The DDC stats report that there were mostly hits: LogCookStats: Display: TotalGetHitPct = 0.985889

So my theory that this is caused by uncached derived data builds is wrong.

There’s not enough information in the coarse profiling data provided by the log to show where the time is going. Most of the time is spent in LoadPackageForCooking, but I don’t have any theories for why that would take longer on a CookWorker with reduced threads than it takes on a SPCook process with full threads.

Can you capture a trace or profile of the CookWorker that is running slow?

I can add 2 more things:

  1. This does not happen every cook
  2. It does not seem to be random. This happens more frequently the closer to max RAM usage of the system we are. We are watching the usage, adjusted core number and set up the config entries, but it seems like we need around 12 - 16 GB free RAM for the issue to not show up. We’re cooking on 128GB RAM machine, we’ll be upgrading it because the gains are insane once correctly set up. We shaved off 1h15 - 1h20min off of a 1h40min cook. So the issue goes away when we leave some room for breathing.

My best guess so far is that .NET Host needs some RAM and if we use most of it for cooking (so we set up the values to stay at 90-95% usage of RAM) then it just stops working correctly or in reasonable time. But I did not have time to debug it further. I’ll try to gather the insights file for you, just so the feature has some data to develop onto, in case this can be worked with on your side.

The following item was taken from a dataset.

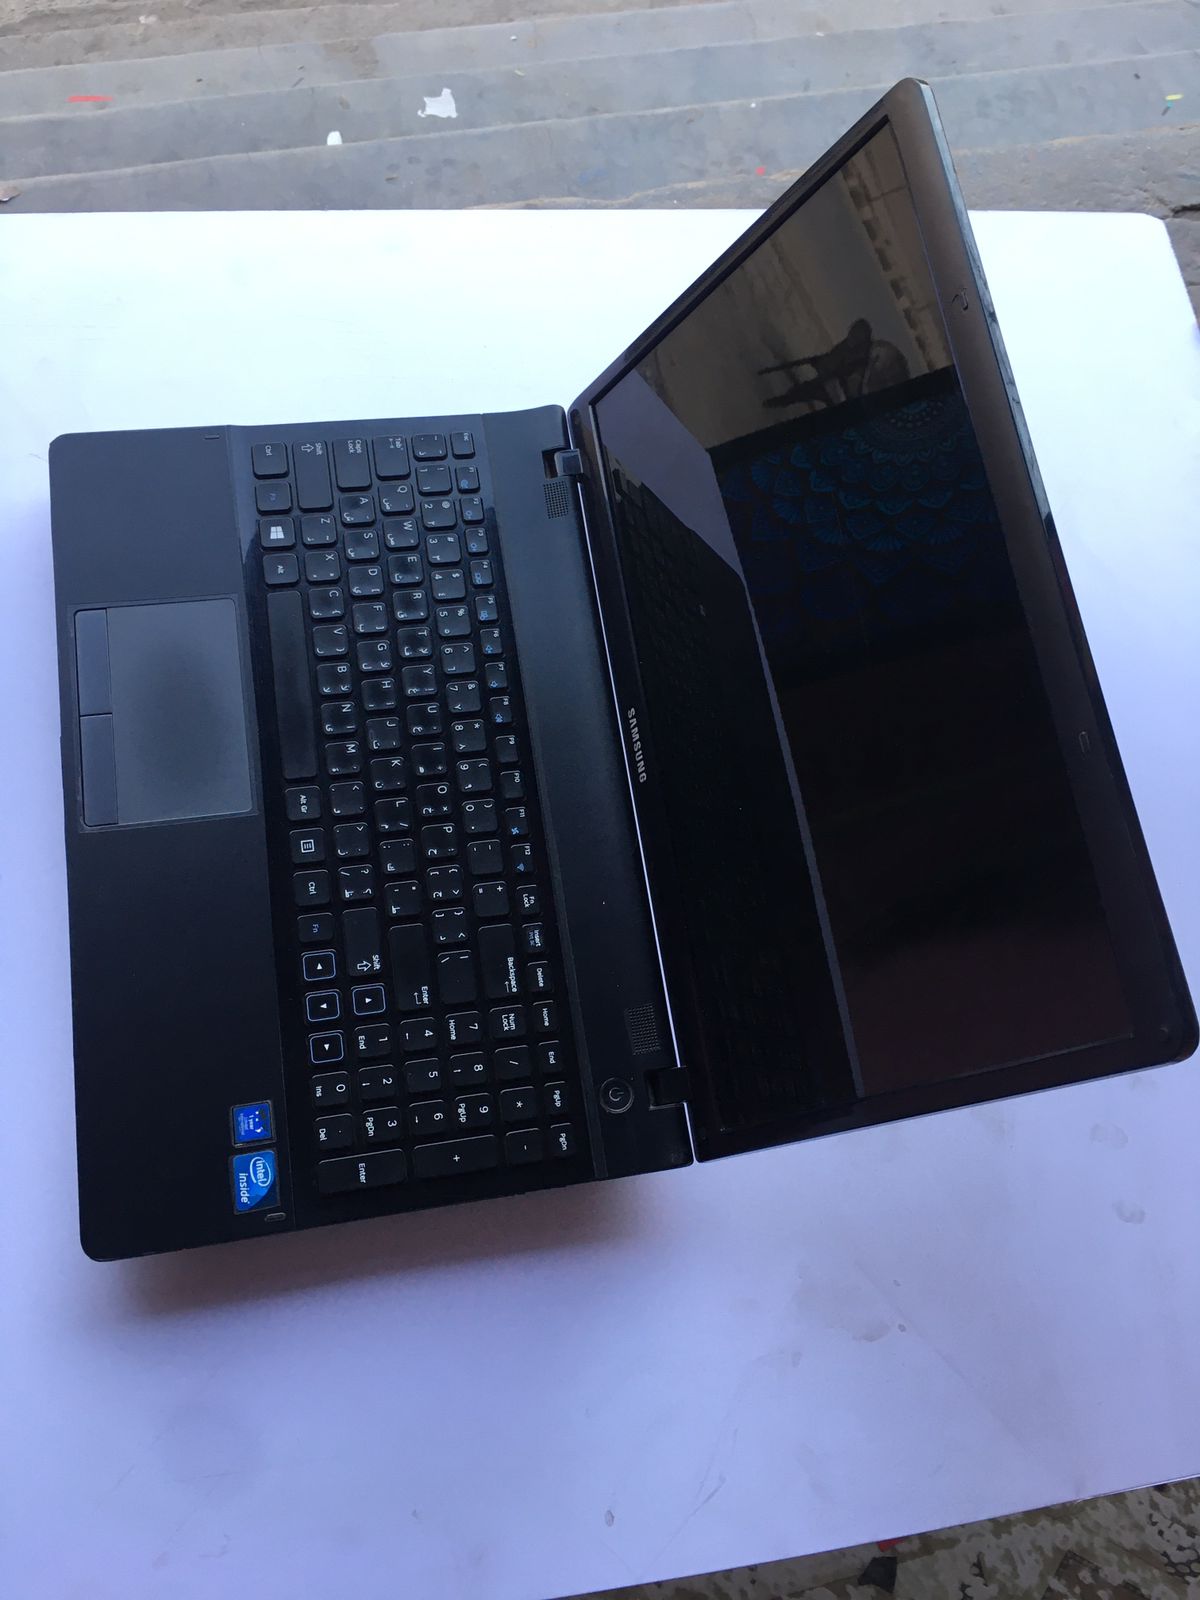 SAMSUNG LAPTOP WITH BLACK CARBON
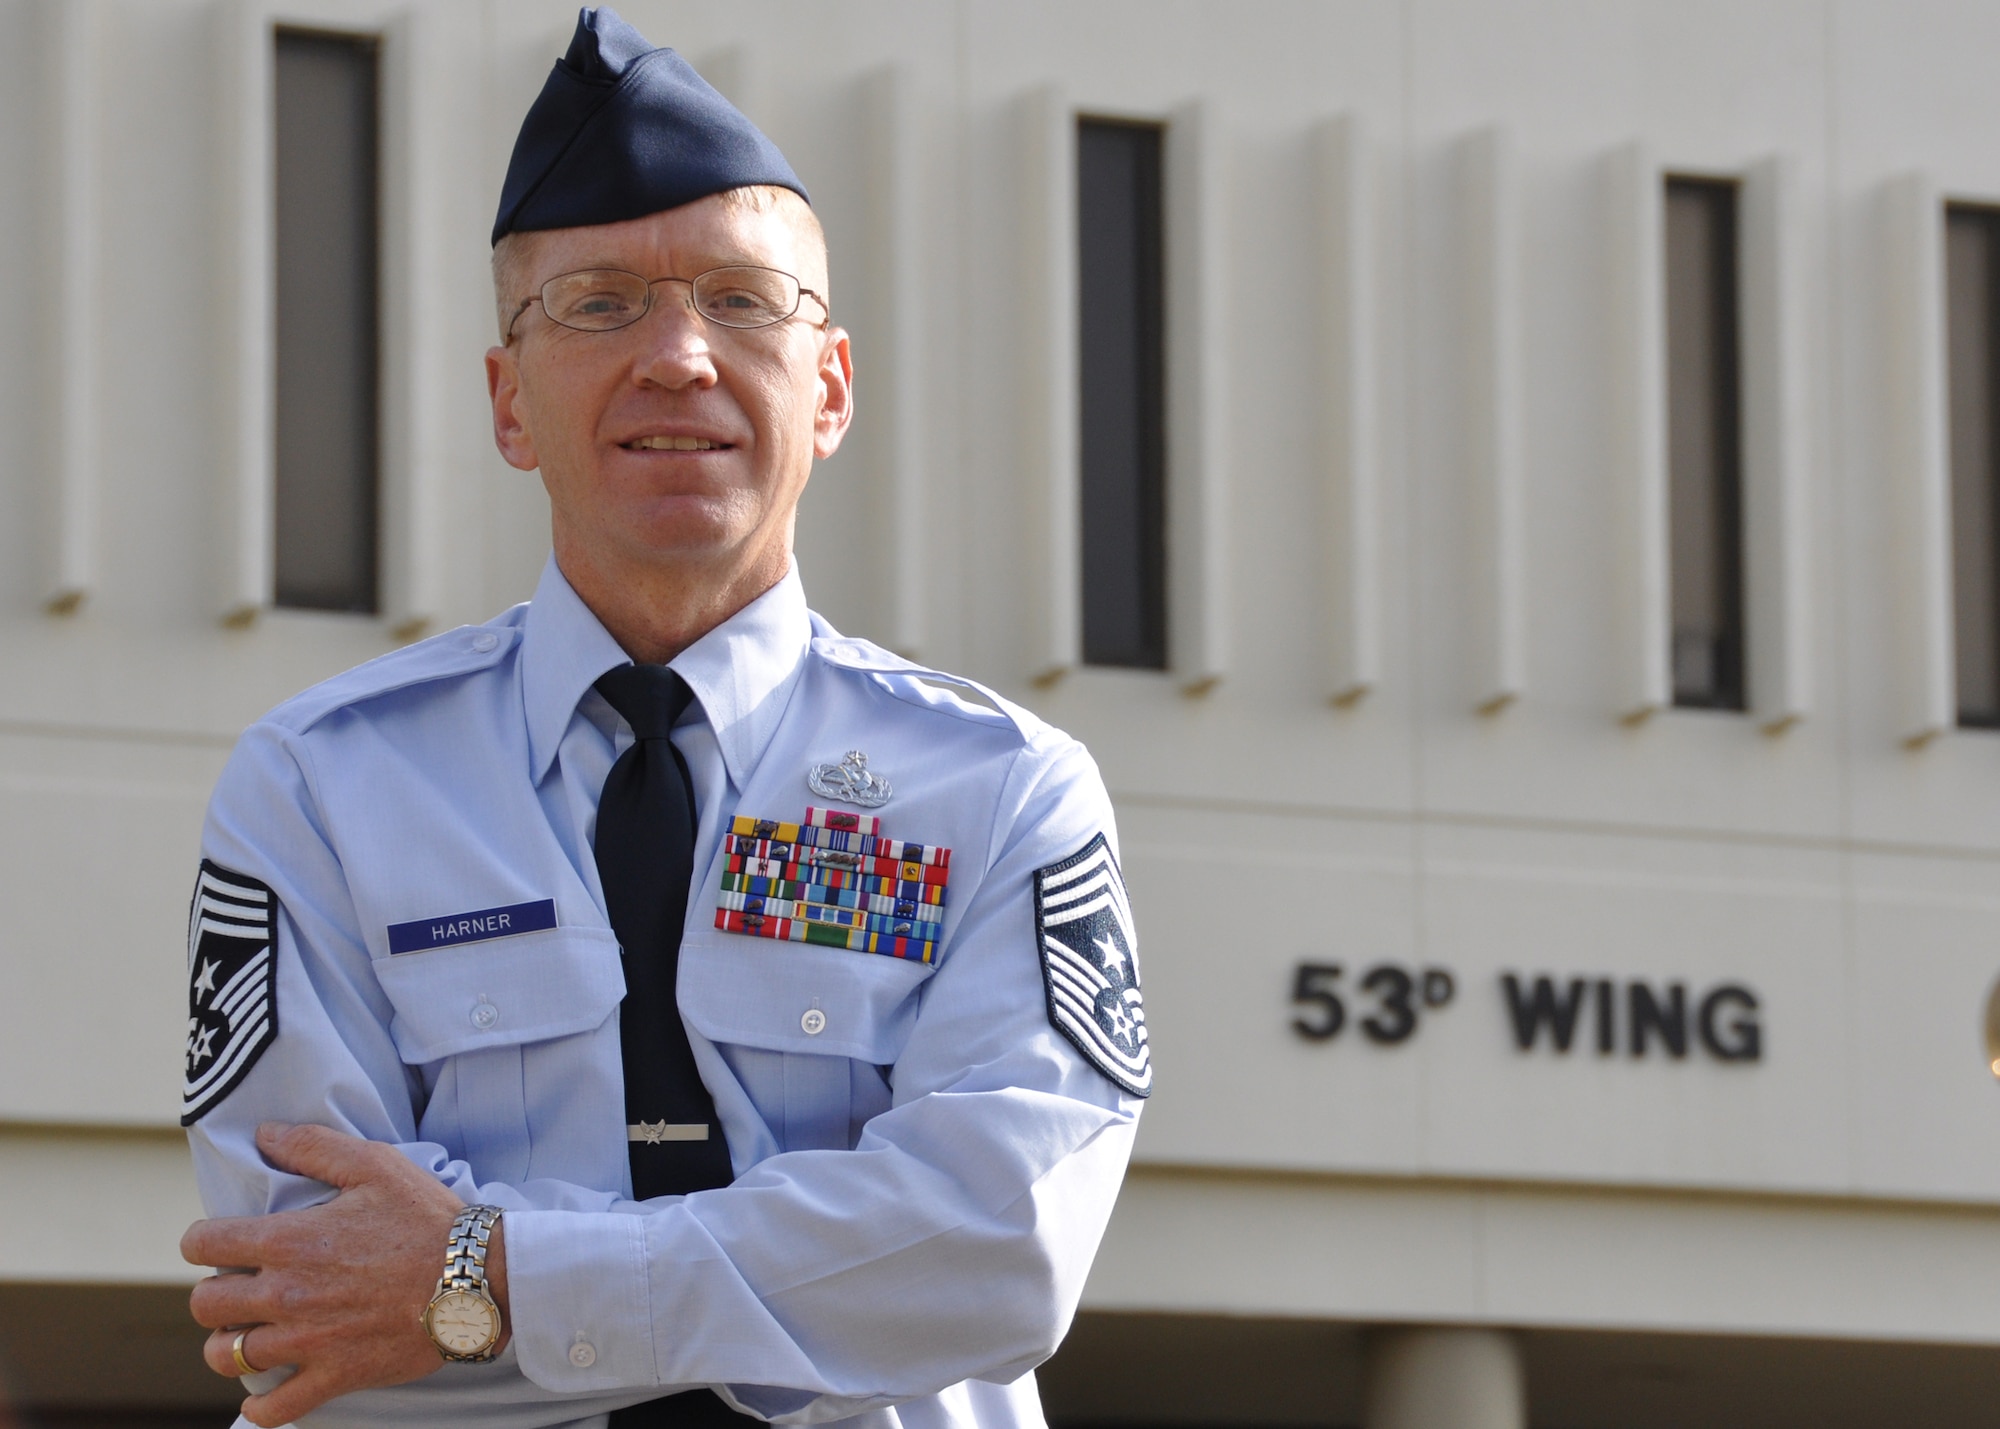 Chief Master Sgt. William Harner is the 53rd Wing's newest command chief.  He hopes to use his world-travelled experience to provide leadership and support for the Airmen of the 53rd Wing.  (Air Force photo/Ashley Wright.)

Below is a screen from a 4-core cook on my dev machine (not build farm). There’s no Google Chrome / Slack on build machine, so the memory targets are closer to max. As you may see there are 2 issues still to work out:

  1. That .NET Host scales with the amount of work the cooker does. It consistently eats up more RAM the more work happens. As the build farm is set up to use 9 cores, the usage goes higher, which is what I base my guess on, that this is the process that needs memory to not block cooking. Something from the cooker uses that .NET host, because it goes away completely when the cook ends.
  2. Microsoft Defender attempts to catch up with the files loaded from drive by all the cook processes. The more processes I use the more CPU power is taken by Defender. This slows cooking. I had major gains when I killed defender, but that’s far from optimal.

[Image Removed]

Ah ha, with that explanation I now understand why this is happening. MPCook uses more memory than SPCook. When the cooker detects a high memory state (via QueryMemoryResourceNotification on Windows), it triggers garbage collection, with a minimum period in between calls to garbage collection. Garbage collection has a small cost on its own, but it also means we throw out the packages we have loaded and we then have to load them again, so the load time spent by each CookWorker becomes higher. This matches up with the long time reported for Package Loads in the profile data from your log.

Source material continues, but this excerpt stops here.